Description
In the Fibonacci integer sequence, F0 = 0, F1 = 1, and Fn = Fn − 1 + Fn − 2 for n ≥ 2. For example, the first ten terms of the Fibonacci sequence are:
0, 1, 1, 2, 3, 5, 8, 13, 21, 34, …
Given an integer n, your goal is to compute the last 4 digits of Fn.
Input
The input test file will contain multiple test cases. Each test case consists of a single line containing n (where 0 ≤ n ≤ 1,000,000,000). The end-of-file is denoted by a single line containing the number −1.
Output
For each test case, print the last four digits of Fn.

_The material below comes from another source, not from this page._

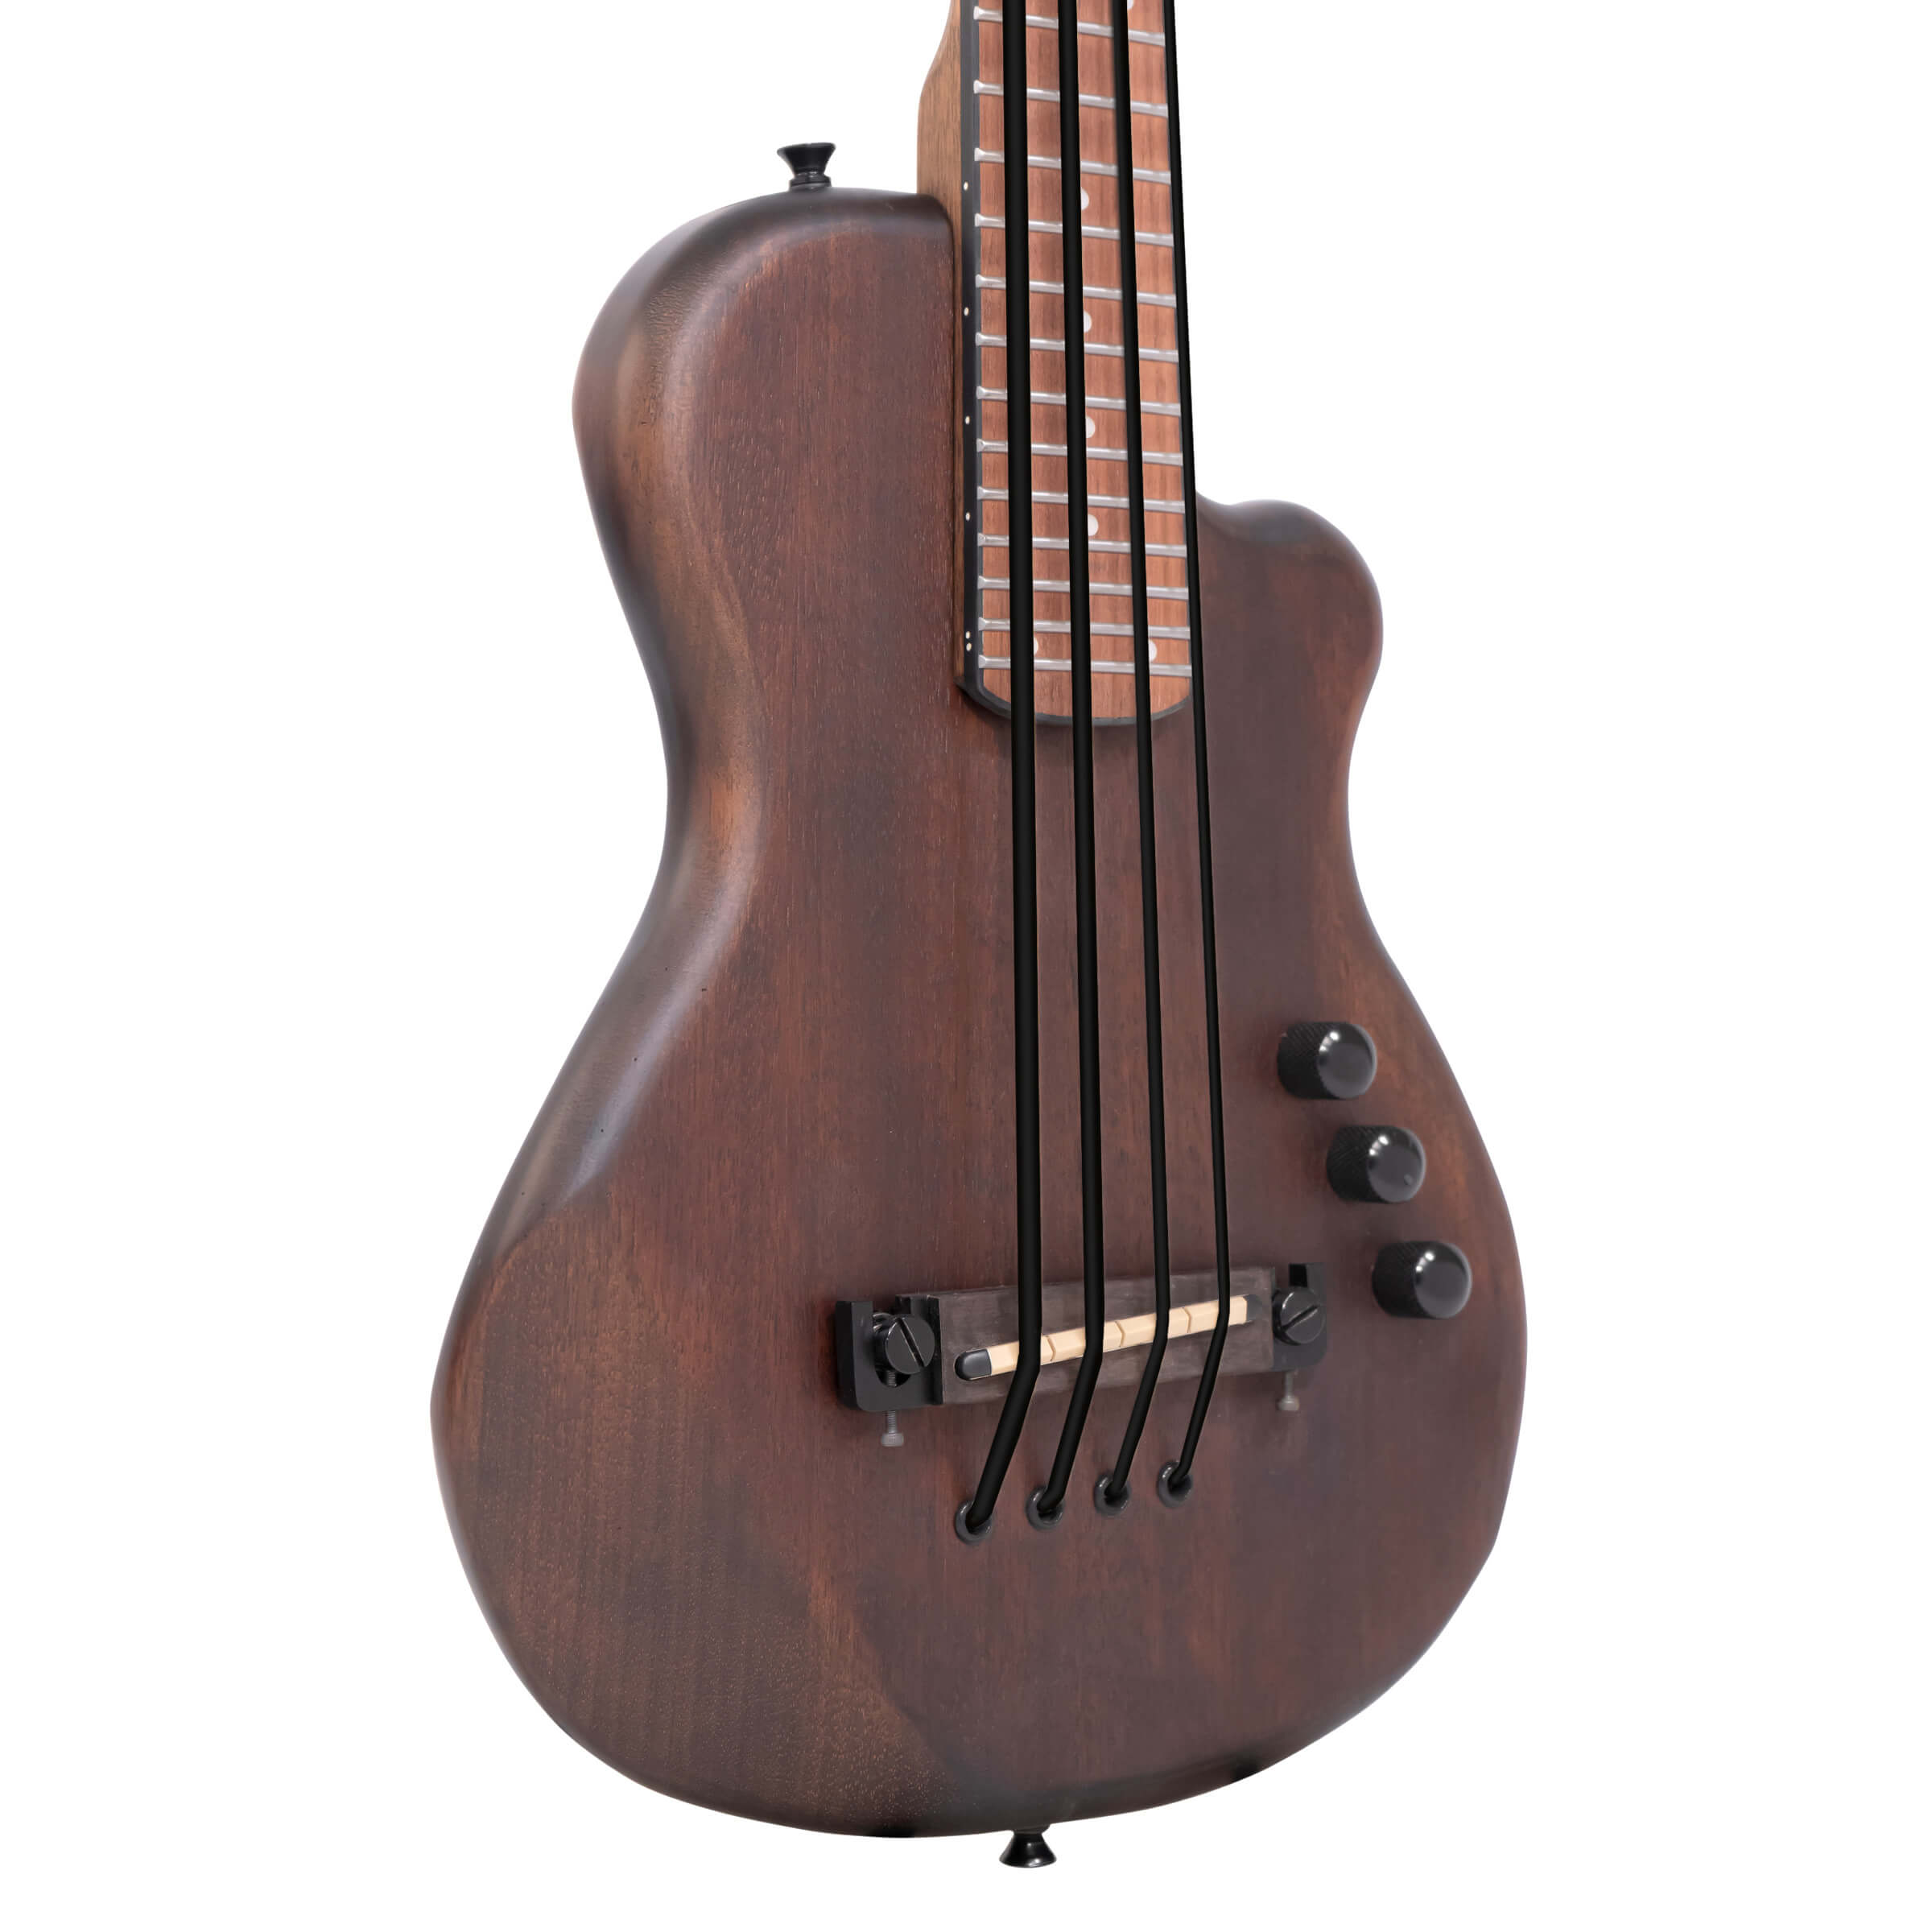 ME-Bass: 23-Inch Scale Electric MicroBass | Gold Tone Folk Instruments

If the last four digits of Fn are all zeros, print ‘0’; otherwise, omit any leading zeros (i.e., print Fn mod 10000).
Sample Input
0 9 999999999 1000000000 -1
Sample Output
0 34 626 6875
求 Fibonacci數列,轉化爲矩陣相乘,利用快速冪的思想
f2 = f0 + f1 -----> (f0 f1)(1 1) -------> (f2 , f1)
(1 0)
f3 = f1 + f2 -----> (f0 f1)(1 1) (1 1) -------> (f3 , f2)
(1 0) (1 0)
f0 = 0 , f1 = 1;
#include <iostream>
#include <cstdio>
#include <cstring>
#define Mod 10000
int n;
struct Node
{
int m[3][3];
int x;
int y;
}pt , st , dt;
Node Pow(Node a, Node b)
{
memset(dt.m , 0 , sizeof(dt.m));
dt.x = a.x;
dt.y = b.y;
for(int i = 1 ; i <= a.x; i++)
{
for(int k = 1; k <= a.y; k++)
{
if(a.m[i][k] == 0)
continue;
{
for(int j = 1; j <= b.y; j++)
{
dt.m[i][j] = ((dt.m[i][j] + a.m[i][k] * b.m[k][j]) % Mod) % Mod;
}
}
}
}
return dt;
}
void quickpow(int n)
{
while(n)
{
if(n % 2 == 1)
pt = Pow(st , pt);
n = n / 2;
st = Pow(st , st);
}
}
int main()
{
while(~scanf("%d",&n) && n != -1)
{
memset(pt.m , 0 ,sizeof(pt.m));
memset(st.m , 0 , sizeof(st.m));
pt.m[1][1] = pt.m[2][2] = 1; //初始化單位矩陣
st.m[1][1] = st.m[1][2] = st.m[2][1] = 1;//已知矩陣
pt.x = pt.y = 2;
st.x = st.y = 2; //矩陣的行列長度
quickpow(n);
printf("%d\n",pt.m[1][2]%Mod);
}
return 0;
}